Once I had the sauces figured out I moved on to the noodles. The noodles at the real Mongolian BBQ restaurants are the key to the dish. They're a very specific type of Asian noodle that I've only ever seen at those restaurants. But, I found a nearly identical packaged noodle at Winco. They're called Yakisoba noodles and they're close enough to the restaraunt ones that I'm happy with them. They come with different flavor packs included that I just toss out. The noodles are not flavored.

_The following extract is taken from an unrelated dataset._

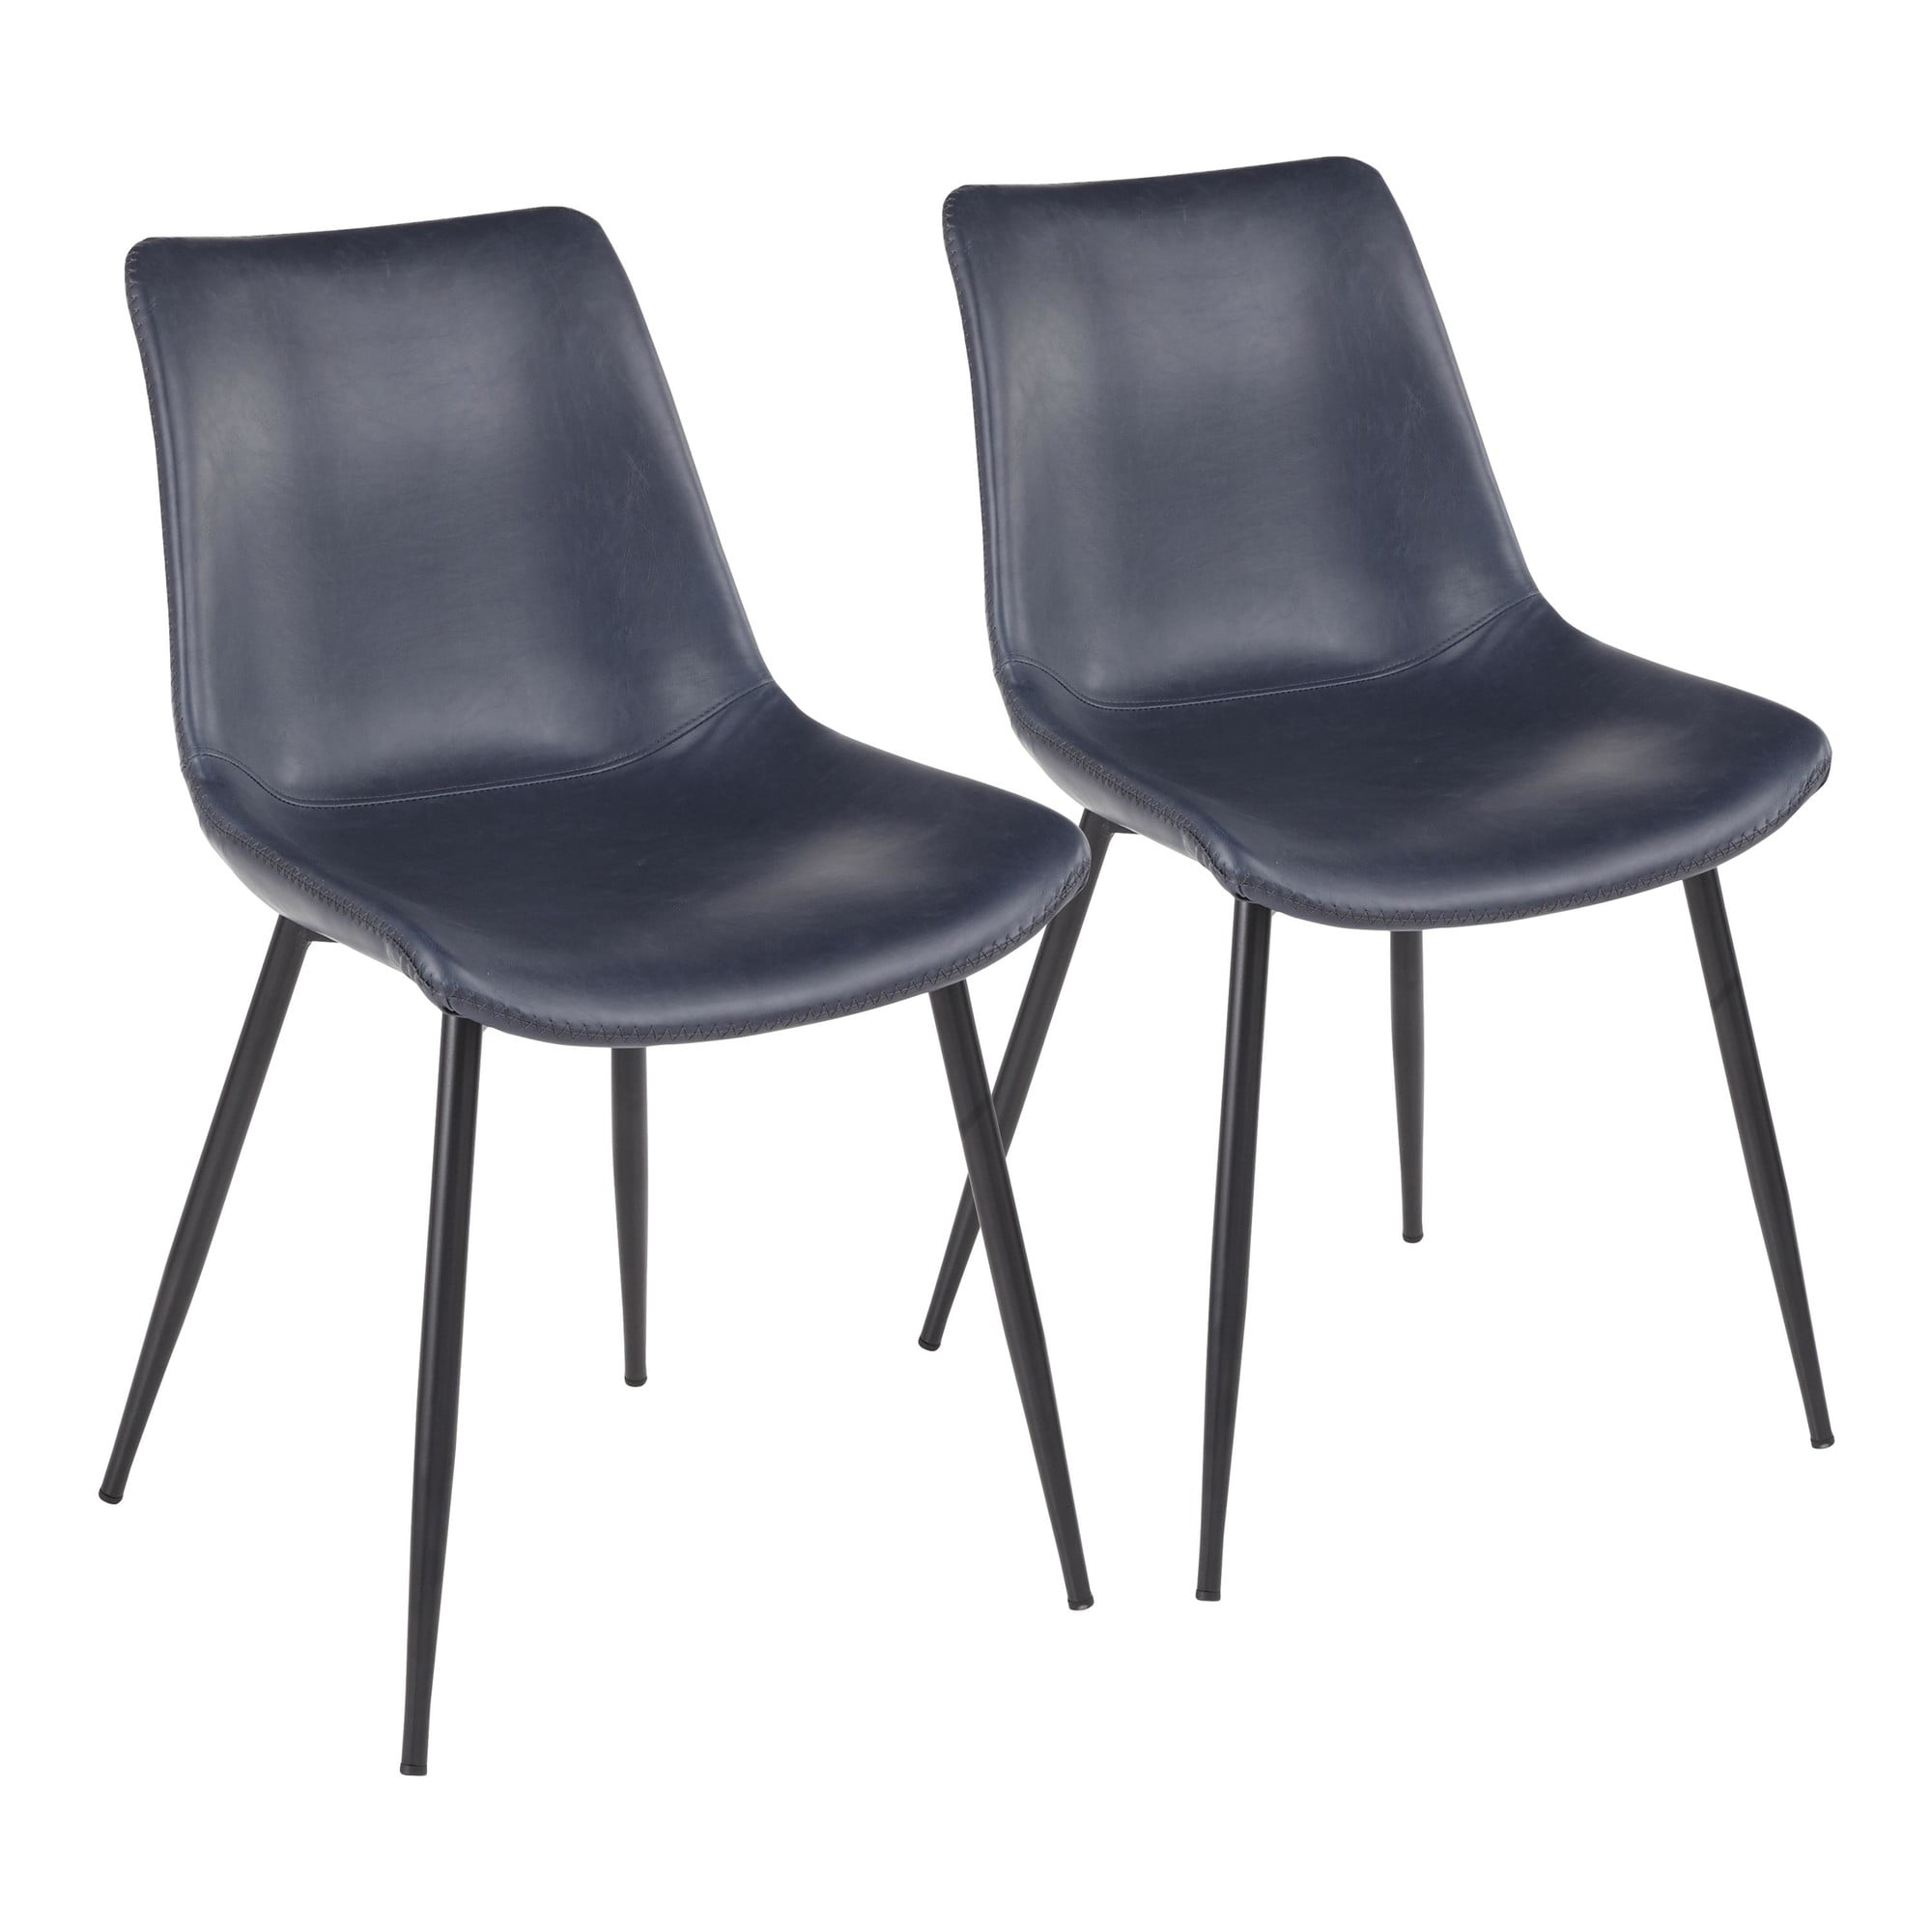 Durango Industrial Dining Chair in Black with Vintage Blue ...

So, after making a few batches with different noodles and different mixtures of sauces I think I've got it figured out to the point that I'm happy with the results. It's not exactly like eating at the real MGBBQ restaurants, but it's very very close. It satisfies my cravings anyway. Here's the recipe.

	White Rice
	Fortune Yakisoba Noodles
	3 Tbsp PF Chang's Mongolian sauce
	2 Tbsp PF Chang's Teriyaki sauce
	1 Tbsp Garlic minced
	1 Tbsp Kraft Sweet-n-Sour sauce
	1 Tbsp Red Pepper flakes
	1 tsp Curry powder
	1/4 cup vegitable oil
	1/4 cup water

	1/2 cup Carrot slices
	1 cup Mushroom slices
	1 cup Broccoli florrets

	1. Cook rice and set aside to cool.
	2. Unpack noodles, pull apart, set aside. (Throw out flavor pack)
	3. Add all sauces, spices, and liquids to frying pan and bring to a boil on high heat.
	4. Add carrots and stir fry on high heat for a few minutes.
	5. Add broccoli and continue cooking until broccoli is the consistency you want.
	   Don't boil all the sauce away.
	6. Add mushrooms and noodles and mix everything together.
	   Do this quick just to heat and coat noodles with sauces.  Don't overcook.
	7. Serve with side of rice.  It's also good mixed in since it soaks up the sauces.	

Here's what I used. You can of course modify to your liking. The obvious mods would be to scratch the red pepper flakes and just use regular vegitable oil instead of fire oil if you don't like hot food. It will still taste great, just won't be hot. You can also add meat if you want, but I don't prefer it.